UN agency urges Southeast Asian countries to strengthen efforts to combat people smuggling

12 May 2015

Amid continuing reports that thousands of people are stranded on smugglers’ boats in Southeast Asian waters, the United Nations refugee agency today called on governments in the region to ramp up search-and-rescue operations between the Andaman Sea and the Straits of Malacca.

"Through various sources we've been alerted that there could be more such boats in the region that still need to be located and helped,” Adrian Edwards, spokesperson for the Office of the UN High Commissioner for Refugees (UNHCR), told journalists today during the regular briefing at the UN Office in Geneva.

The first priority, he stressed, is humanitarian relief, followed by the identification of those in need of international protection.

While hailing the recent rescue of hundreds of people off the coast of Indonesia, UNHCR encouraged governments in the area to beef up efforts to save lives and keep borders open.

“We are appealing to governments to continue their life-saving operations to find and safely disembark the passengers," said Mr. Edwards.

Several thousand passengers, mainly Rohingya and Bangladeshi nationals, are thought to be adrift at sea after smugglers abandoned them to avoid crackdowns in Thailand and Malaysia, according to UNHCR’s partner the Arakan Project.
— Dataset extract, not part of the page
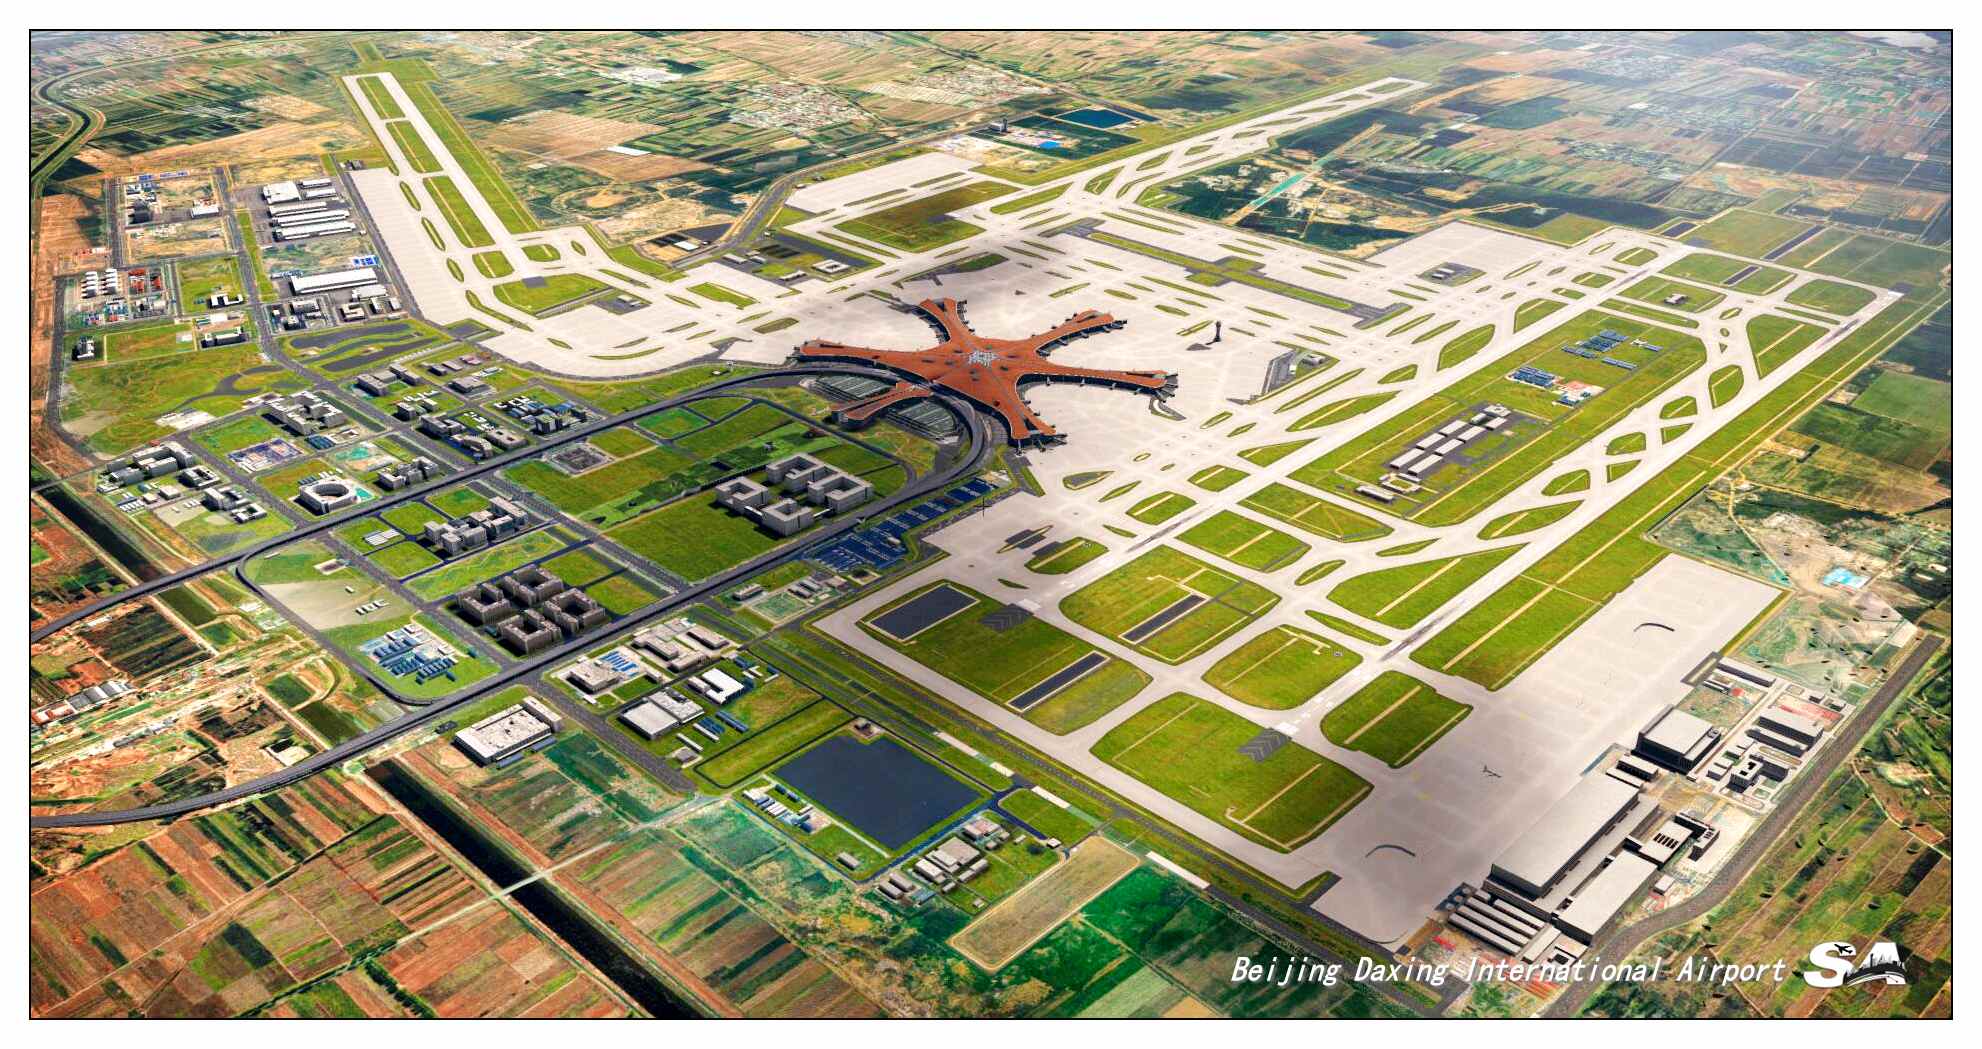 【X-Plane】ZBAD北京大兴国际机场-正式发布-873

In addition, the UN refugee agency noted that many of the passengers are in a weakened state after days, possibly weeks with little food and water.

“UNHCR urges against indefinite detention of those rescued, who should be given access to basic rights and services including family unification, shelter, healthcare and where possible, the right to work while longer-term solutions are sought,” Mr. Edwards underscored.

Meanwhile, the UN agency has been on the ground talking to survivors in support of government efforts.

For example, in Thailand, UNHCR teams are distributing aid and providing counselling to over 230 smuggling victims, who have surrendered themselves to the police recently after escaping or being abandoned in smugglers’ camps.

In Indonesia, UNHCR has sent a team to Lhoksukon in northern Aceh to assist the Government in interviewing groups rescued by the Indonesian navy over the weekend and protect them.

According to Mr. Edwards, UNHCR staff is currently in Langkawi, Malaysia to meet with the authorities and local contacts.

1,093 people, mostly Rohingya, arrived by boat in Langkawi on Sunday night. They are in fair condition and have been seen by doctors, given their ordeal.

“We are aware of the challenges of managing such a humanitarian emergency, and we have offered our assistance to the government,” said Mr. Edwards, adding that “we stand ready to participate with the authorities in providing humanitarian assistance.”